As a limitation, "Text" is not trained with [Color] and so do "Advertisement", "Background Image", "Image", "Map View", "Video", and "Web View", so don't add it to them. It still turned out fine as Rico Diffusion is able to generate text with sufficient contrast to its background even though it may be unreadable.

Check the "prompt.txt" files in the sub-folders of the "results" folder for the prompts I used putting them all together. You may need to use GLIGEN to make it look better.

# GLIGEN

You can try to use the model without it to see if it's enough. If not, you can use GLIGEN to control the positions of the components on the screen via inputting bounding boxes and grounded texts. I generated the images on A1111 with GLIGEN using this extension (https://github.com/AzhureRaven/sd_webui_gligen) which I forked from (https://github.com/ashen-sensored/sd_webui_gligen) after modifying it a bit to make it work on local computers as the original seemed to be designed for Colab.

You can learn how GLIGEN works and how to use it on the page I mentioned earlier. In short, to use GLIGEN with this model, input the bounding box and grounded text for each UI component. Draw the bounding boxes at the position you intend to put the component at with the [Position] you give as close as possible. You should keep the parent and internal components in separate bounding boxes with the internal components' boxes inside the parent's but you are free to experiment. For the grounded text of each component, I found it best to write the full "[Color] [Main Component] [Context] [Position]" format with [Internal Components] on separate bounding boxes without "containing" and "inside".
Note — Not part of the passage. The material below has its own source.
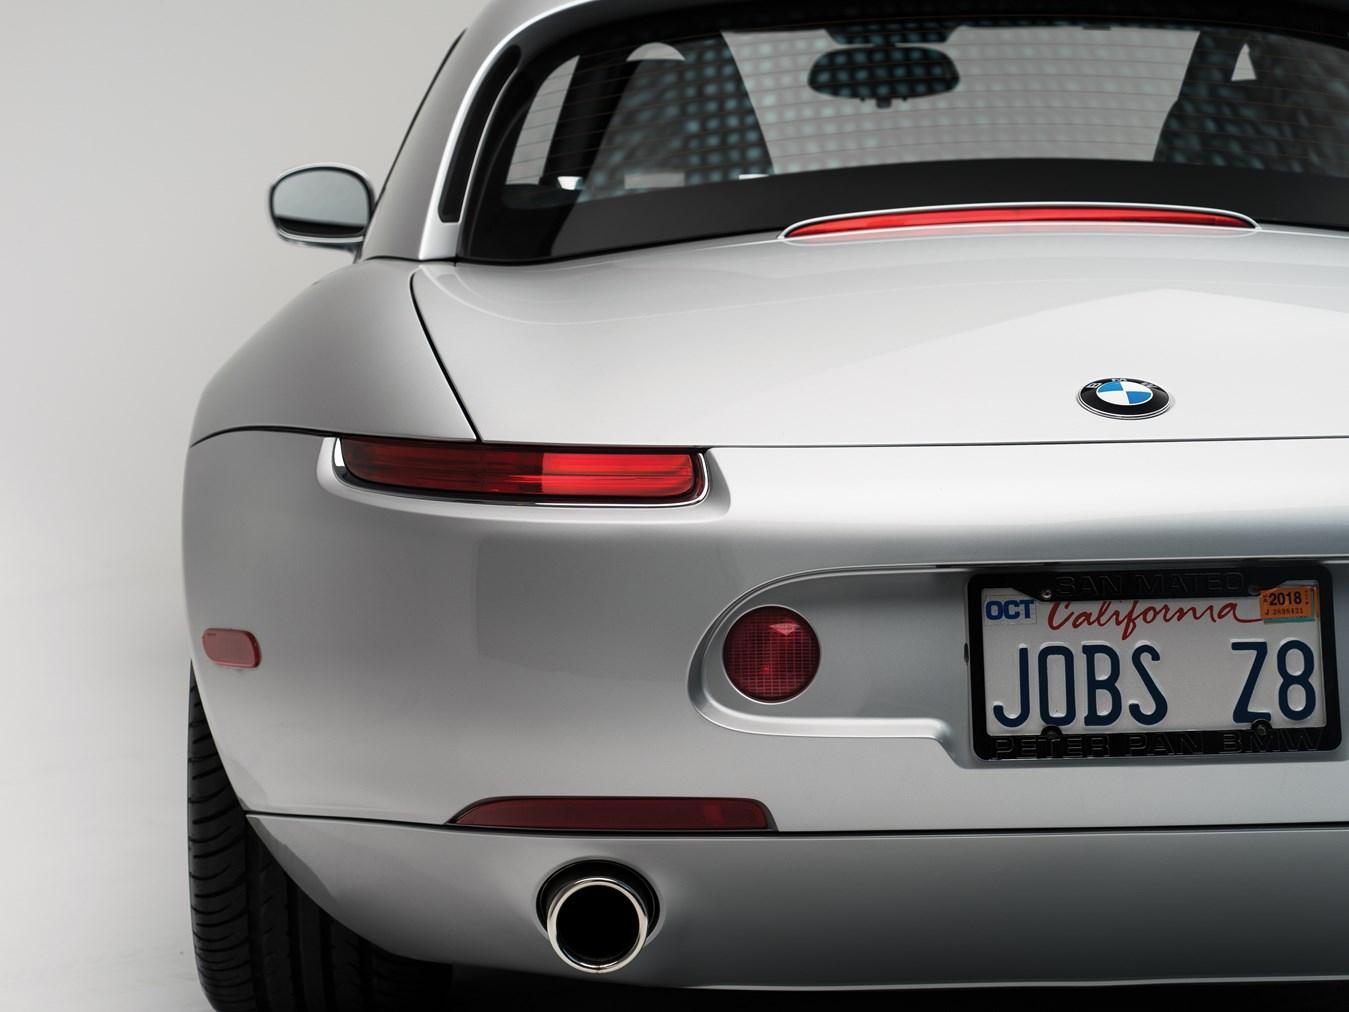 Steve Jobs BMW

Note that GLIGEN has a limit of 30 bounding box-grounded text pairs in one input which means a maximum of 30 components. If you want more you may need to combine parent and internal components.
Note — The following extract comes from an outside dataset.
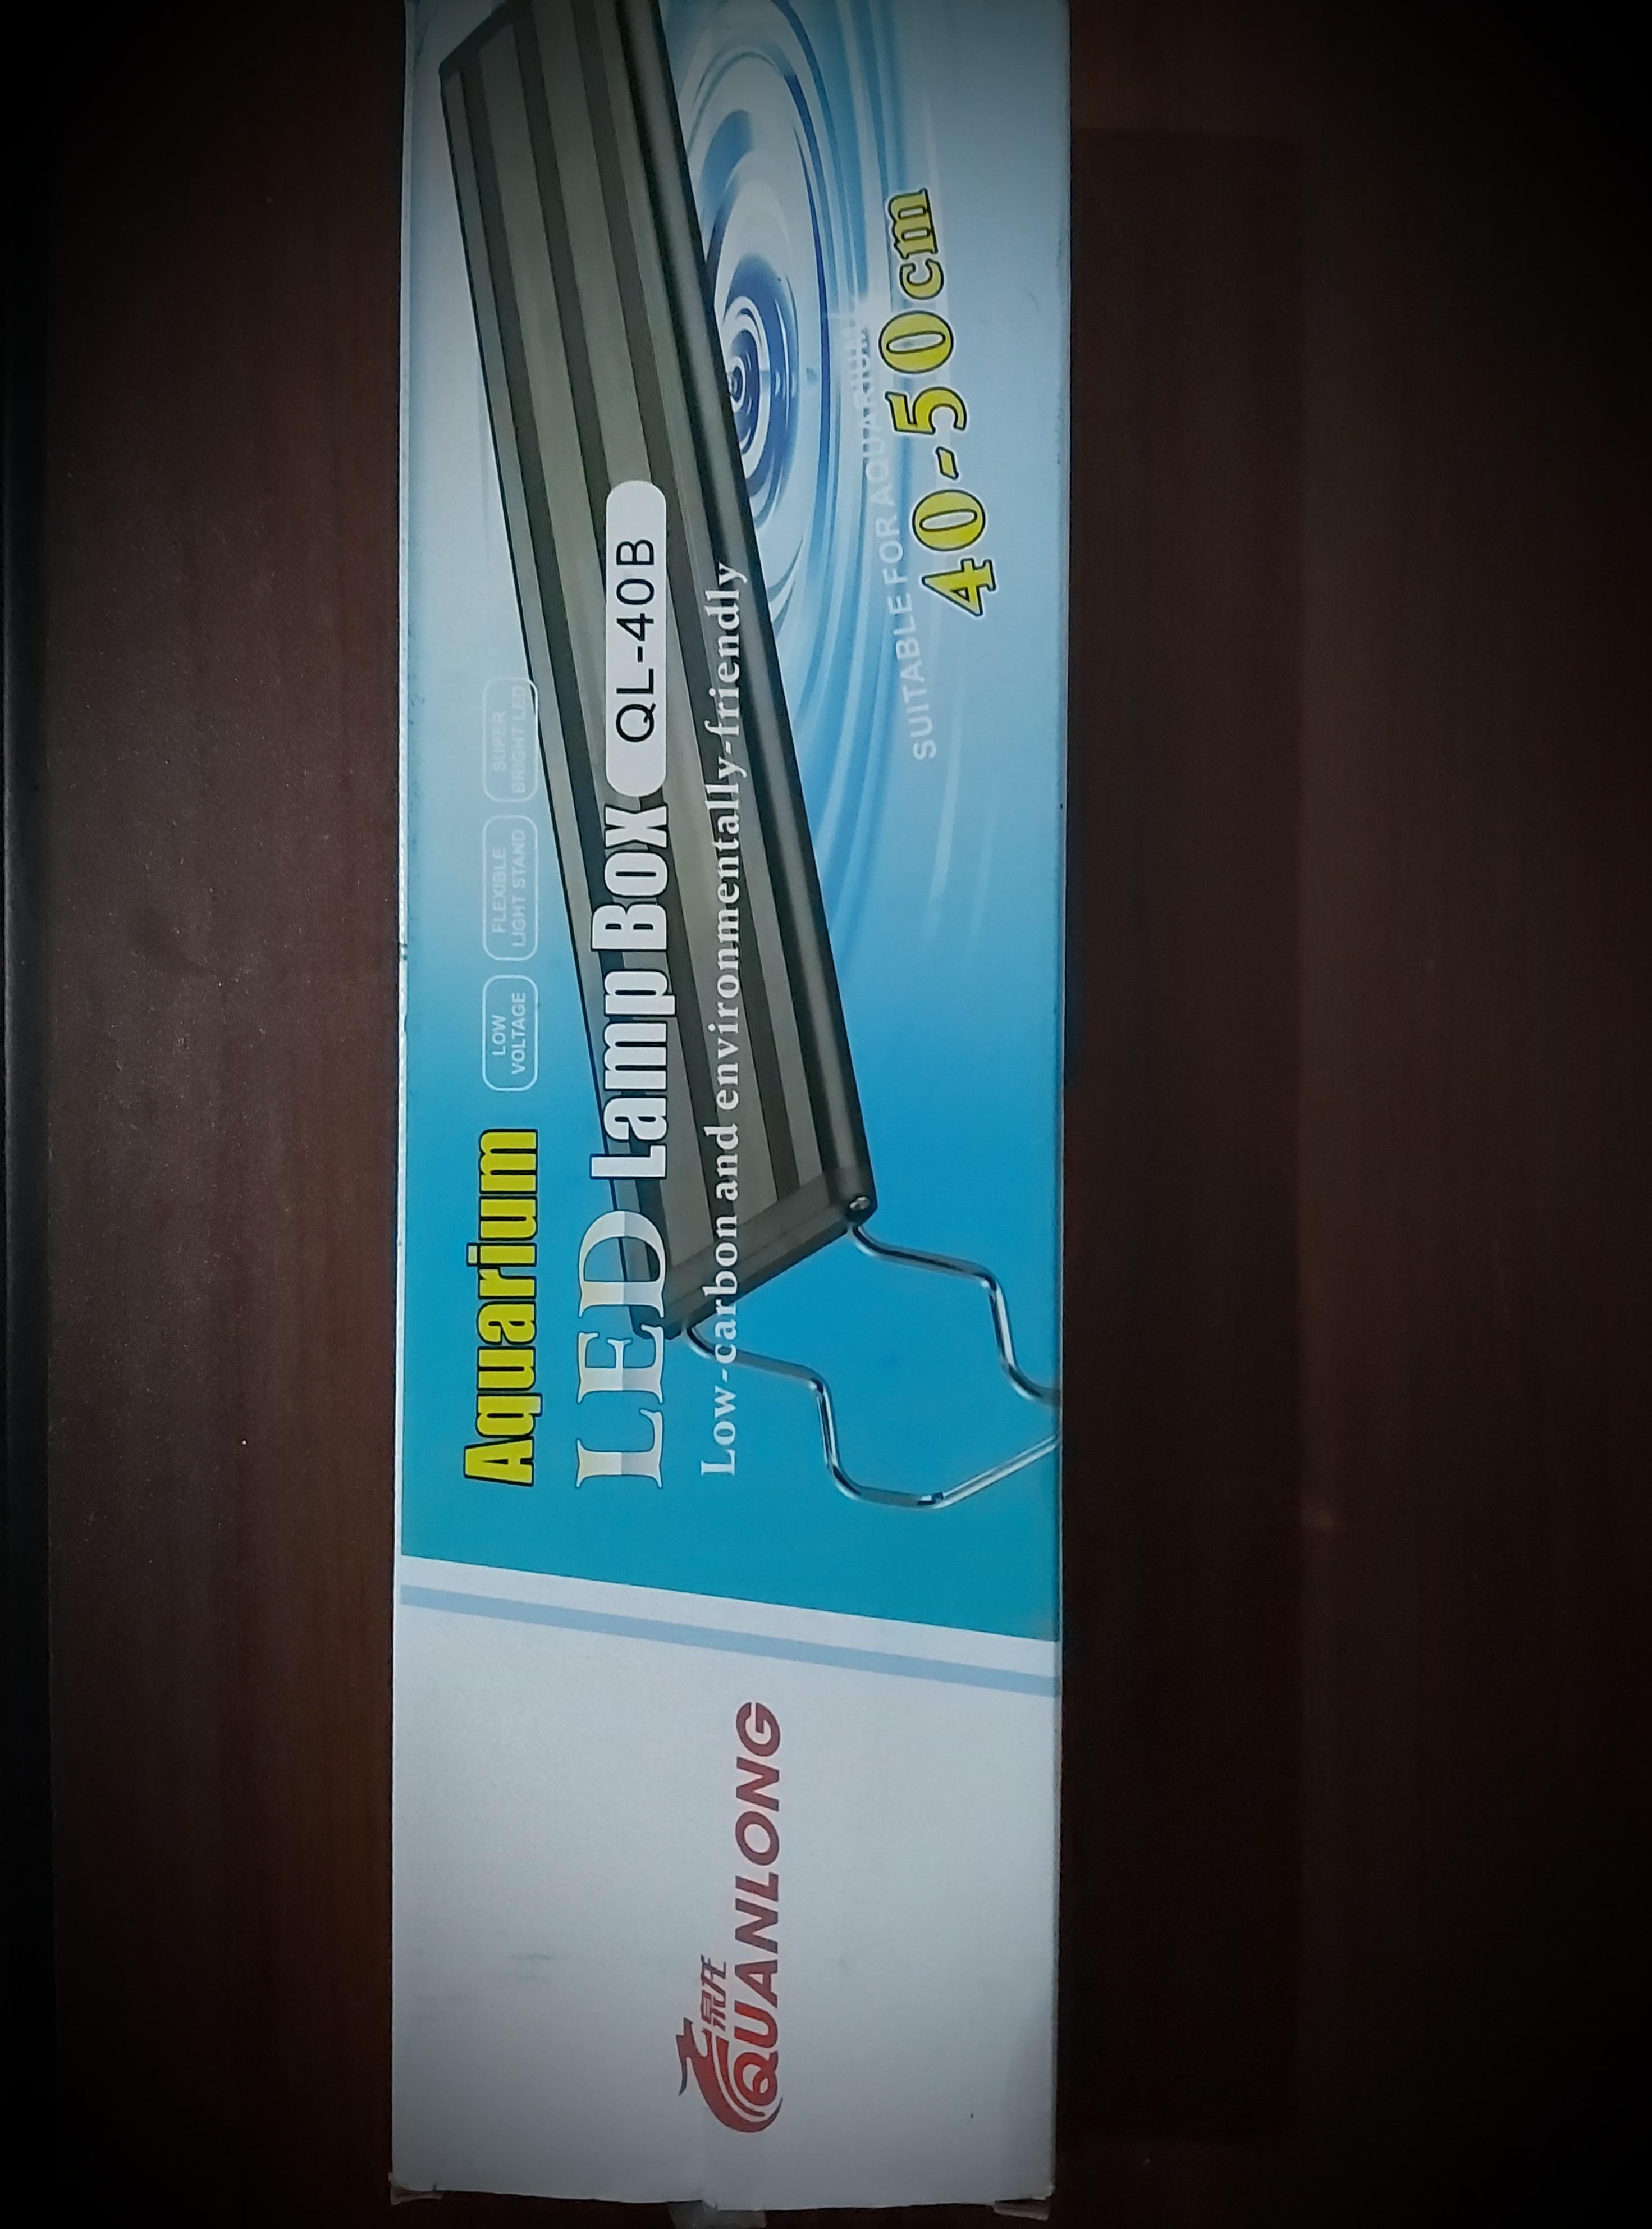 Quanlong QL40B LED Light (1-1.5ft)

During testing, I found the bounding boxes to be very sensitive, particularly on "Button" and "Input". You may need to reinput them slightly bigger/smaller and/or shift them slightly to get it right.

Check the "gligen_input.txt" and "gligen.png" files in the sub-folders of the "results" folder for the grounded text and bounding boxes I used to give you an idea what you should input.

# A1111 Hyperparameters

The images produced in the "results" folder use these hyperparameters in A1111 that I found to give me the best results:
- Sampling method: DPM++ SDE
- Schedule type: Karras
- Sampling steps: 20
- Width: 384
- Height: 640
- Batch count: 4
- Batch size: 1
- CFG Scale: 7.5
- Seed: 555
- Clip Skip: 2

Width and Height can also be 448x576 for modal dialogs such as date pickers. Clip Skip 2 is important as the model will utterly fail otherwise. When using this model with GLIGEN in A1111 using my version of the extension, don't use Batch size to produce multiple images; it will only apply to the first image, use Batch count instead.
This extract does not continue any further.